Türkiye Milli Savunma Bakanı Akar Pazar günü gerçekleşen Türkiye-ABD ortak devriyesini zafer gibi sunarken, Erdoğan 3-5 helikopterle, birkaç araçla devriye turunun anlamının olmadığını, ABD’nin kafasındaki güvenli bölgenin YPG’yi kollama amaçlı olduğunu söylüyor. Ama bir yandan da ikili ticaret hacminin 20-25 milyar dolarlardan dörde katlanması ihtimalini gözeterek temkinli olmaya, New York’taki BM toplantısında Trump ile bir araya gelene kadar ortalığı idare etmeye çalışıyor” diyor.

Almanya’da gündemi sarsan Türkiye’ye yasa dışı casus yazılım satışı Münih Savcılığının soruşturma başlatmasına neden olurken, yazılımın alıcısı olduğu iddia edilen Türkiye’den, hükümetten hiçbir açıklama olmaması, sessiz kalınmasının manidar olduğunu dile getiren Zülfikar Doğan, bu olayın yeni boyutlarının ortaya çıkacağı kanısını dile getiriyor.
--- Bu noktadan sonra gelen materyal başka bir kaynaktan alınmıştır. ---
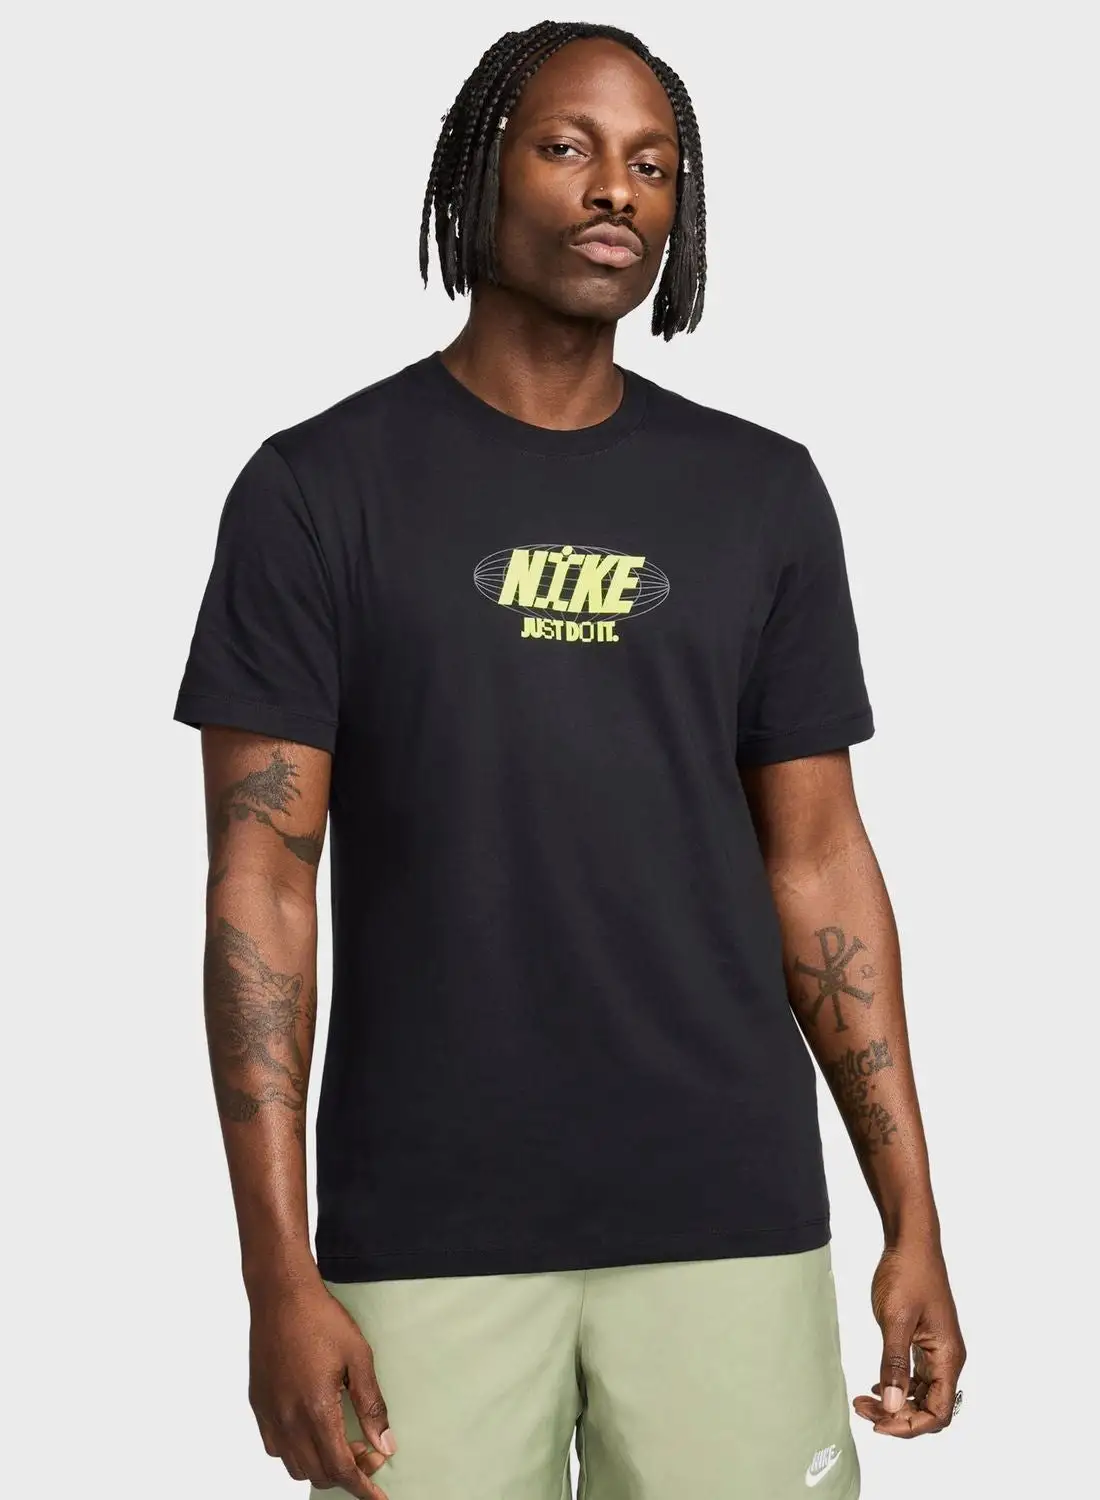 Nike Oc Pk7 2 T-Shirt

Merkez Bankası’nın 12 Eylül Perşembe günü yapacağı toplantıdan yine en az 2,5-3 puanlık bir faiz indirimi kararının çıkmasının yüksek ihtimal olduğunu ifade eden Doğan “Zaten Cumhurbaşkanı iki günden bu yana Merkez Bankası’ndan ciddi bir faiz indirimi beklediğini yineliyor. Hatta yılsonuna kadar faizi tek haneli oranlara indireceklerini enflasyonun da tek haneye ineceğini ısrarla yineliyor. O zaman Merkez Bankası’na Cumhurbaşkanının bu talimatını yerine getirmek dışında seçenek kalmıyor. Oysa enflasyondaki düşüş baz etkisine dayalı. Yapılan yüklü zamlar daha gerçek anlamda enflasyona yansımadı. Sonbahardan itibaren enflasyon ve kurlarda sert yükselişler olacak. O zaman Merkez Bankası ne yapacak göreceğiz”  tespitini yapıyor.

Yüksek Seçim Kurulu (YSK) ile Rusya Merkezi Seçim Komisyonu arasında 6 Eylül’de imzalanan dijitalleşme, kütükler vb. konulardaki işbirliği protokolünün de çok dikkat çekici olduğunu, gözlerden kaçtığını ifade eden Doğan, Rusya’daki seçimlerde muhalif adayların engellenmesine, Putin’in her seçimi silme kazanmasına vurgu yaparak “YSK, Rusya’dan acaba hangi seçim derslerini alacak?” sorusunu gündeme getiriyor.